Of the 151 largest cities across the United States, only Philadelphia and New York City have legislation that protects a nursing mother who returns to work outside the home and who wants to continue breastfeeding, according to research from the University of Pennsylvania and the Children’s Hospital of Philadelphia (CHOP) published in Breastfeeding Medicine.
There is a federal law, part of the Fair Labor Standards Act, but it only requires that employers offer “reasonable break time” and a place that’s not the bathroom for expressing human milk. Plus, its reach is limited, covering only hourly employees at companies with 50 or more workers and annual company earnings of $500,000 or more.
“Someone salaried would not be covered by the law. If a company has fewer than 50 employees, it doesn’t apply,” says Diane Spatz, a perinatal nursing and nutrition professor in the School of Nursing and lactation program director at CHOP. “All the law says is you need to be given time and space. Clearly, there are much better opportunities for women.”
Working with six Penn Nursing undergraduates, Spatz and Elizabeth Froh, a nurse scientist at CHOP, created a study that incorporated a nationally representative sample and delved into whether each place had its own city-specific legislation protecting breastfeeding mothers. The research team used a three-tiered approach, reviewing every city’s website, emailing each mayor’s office, and then following up with a phone call.
“You can easily access information about legal protections for breastfeeding moms on a federal and state level. But it’s a challenge to get at the city-level legislation,” says Froh, who is part of CHOP’s Center for Pediatric Nursing Research & Evidence-Based Practice and an adjunct assistant professor in Penn Nursing. “It was surprising to all of us how difficult and inaccessible this information truly was.”
That’s where the students, who graduated in December 2017 and May 2018, played a role. During the 2017 fall semester and 2018 spring semester, they interacted at least once, and often more frequently, with officials from Washington, D.C., and from each state’s capital plus the two next-largest cities.
Emily Karsch, now a cardiac ICU nurse at Children’s National, was a research assistant on the team. Her role focused on emailing and calling 30 cities in 30 different states. After bumping up against silence, confusion, and defensiveness on many phone calls, Karsch consulted with Froh and Spatz about her approach.
“Toward the second half of the semester, I would say, ‘If I were a breastfeeding mother living in your city and wanted to go back to work, are there any protections for me if I need to take a break four hours into my 12-hour shift to pump and store milk?'” Karsch explains. “When I started using phrasing like I was the hypothetical mother calling, we got to the answer, ‘No there’s no protection’ much faster.”
That’s the response she and others heard almost 100 percent of the time. A year of research by an eight-person team concluded that just Philadelphia and New York, 1.3 percent of the sample cities, had some version of local safeguards for nursing mothers returning to work outside the home.
“People have been asking us why we did this,” Froh says. “Well, 56 percent of the workforce in the United States is now women. With all of the limitations in the federal law, there is a huge segment of the working population that isn’t covered. We see this as a social-justice issue and a public-health issue. This one study, looking at what is out there currently, is just a starting point.”
Spatz says she hopes their findings might be a call to action, or at the very least a prompt to get local legislators thinking about such protections. She also believes there’s an opportunity for better education and to shift the burden off of mothers a little.
“Right now in the U.S., if a mom wants to be a breastfeeding mom and a working breastfeeding mom, really all of the onus is on her to figure it out,” Spatz says. “She’s got to be pretty determined.”

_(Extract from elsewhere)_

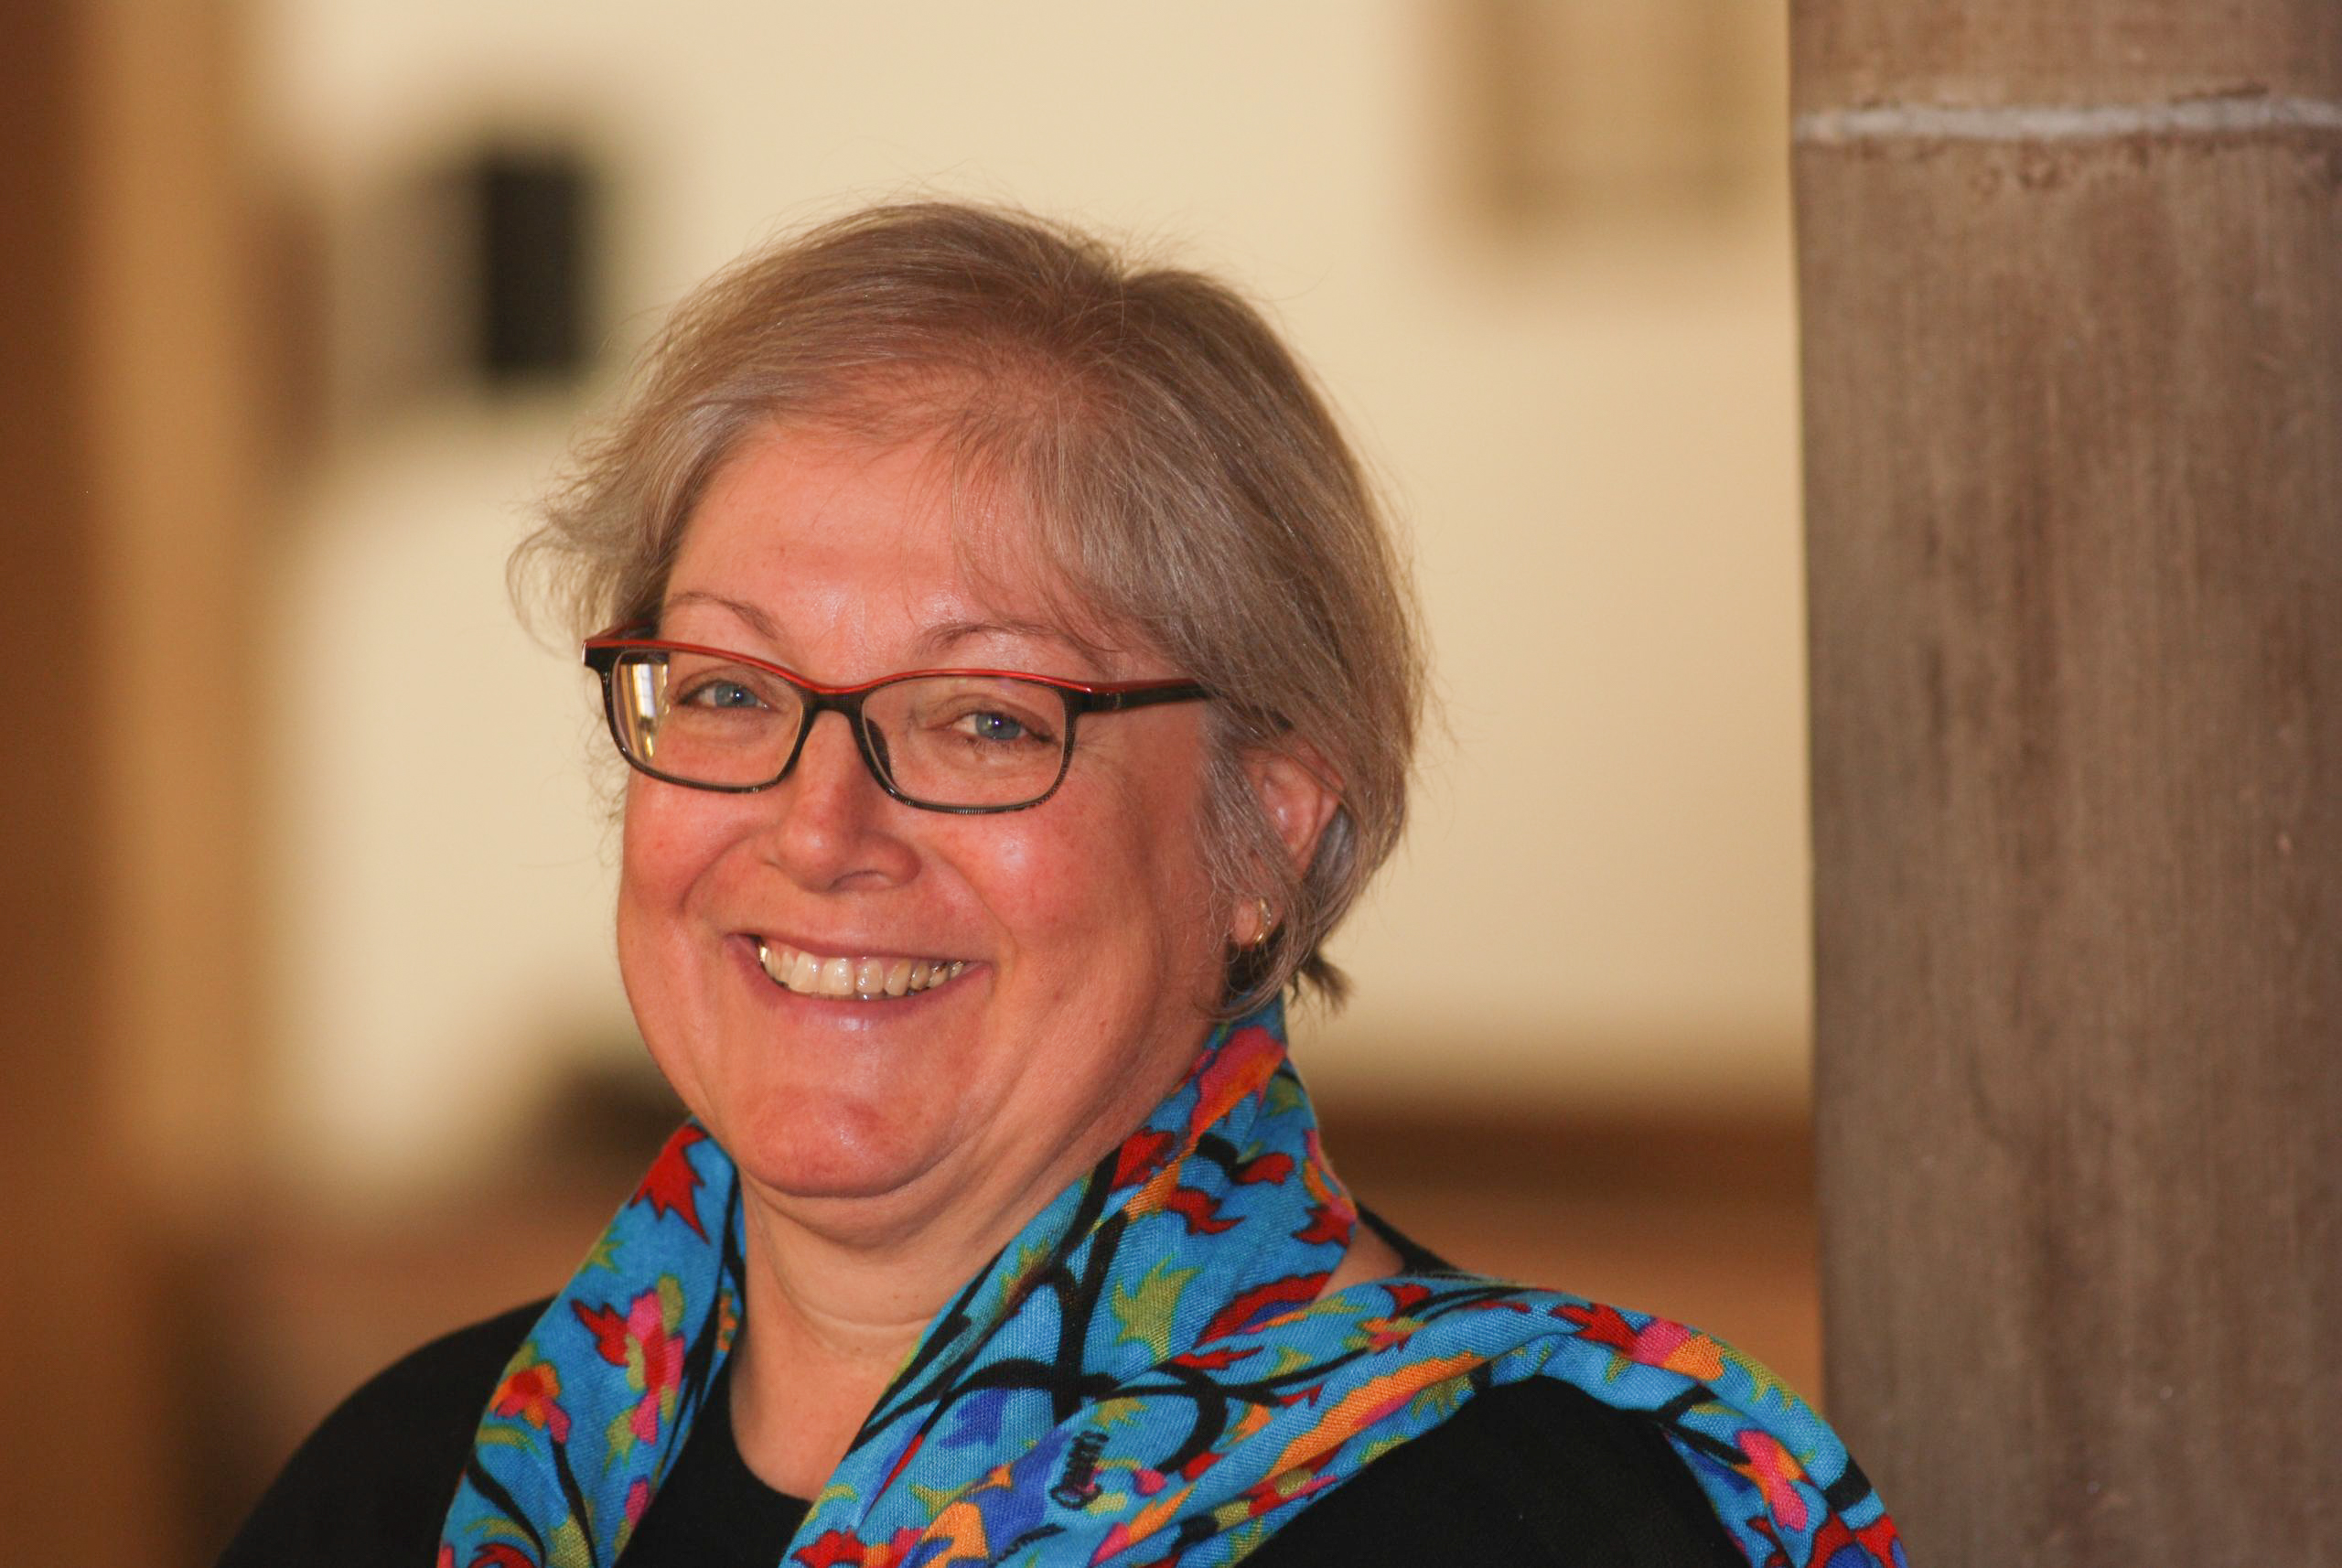 Dr. Petra Bernicke

In an ideal world, the researchers agree, city-level laws would cover all working women, regardless of what field they’re in, how many hours per week they work, how often they get paid, and what size company or organization employs them. Language in the legislation would also seek more than just time and a non-bathroom space.
Beyond helping more women meet their personal breastfeeding goals, advances like the ones Spatz and Froh wish for matter because legally the strongest law outweighs any others. In other words, a city law that offers greater protection for a nursing mother overrides a weaker state or federal law.
Plus, this type of statute has a way of trickling upward, Froh adds. “The stronger the city-level legislation becomes across the board, the more cities that do it, the easier it is for the state to pass one,” she says. “If more states do it, it becomes that much easier for a federal law to pass. This is really where a grassroots effort could make an impactful difference.”
Karsch’s research experience points to some of the difficulties a breastfeeding mother might encounter. Simply determining that New York City was one of the places that actually had this legislation took her three phone calls, combined with detective work to track down the right person, who had since moved to another position.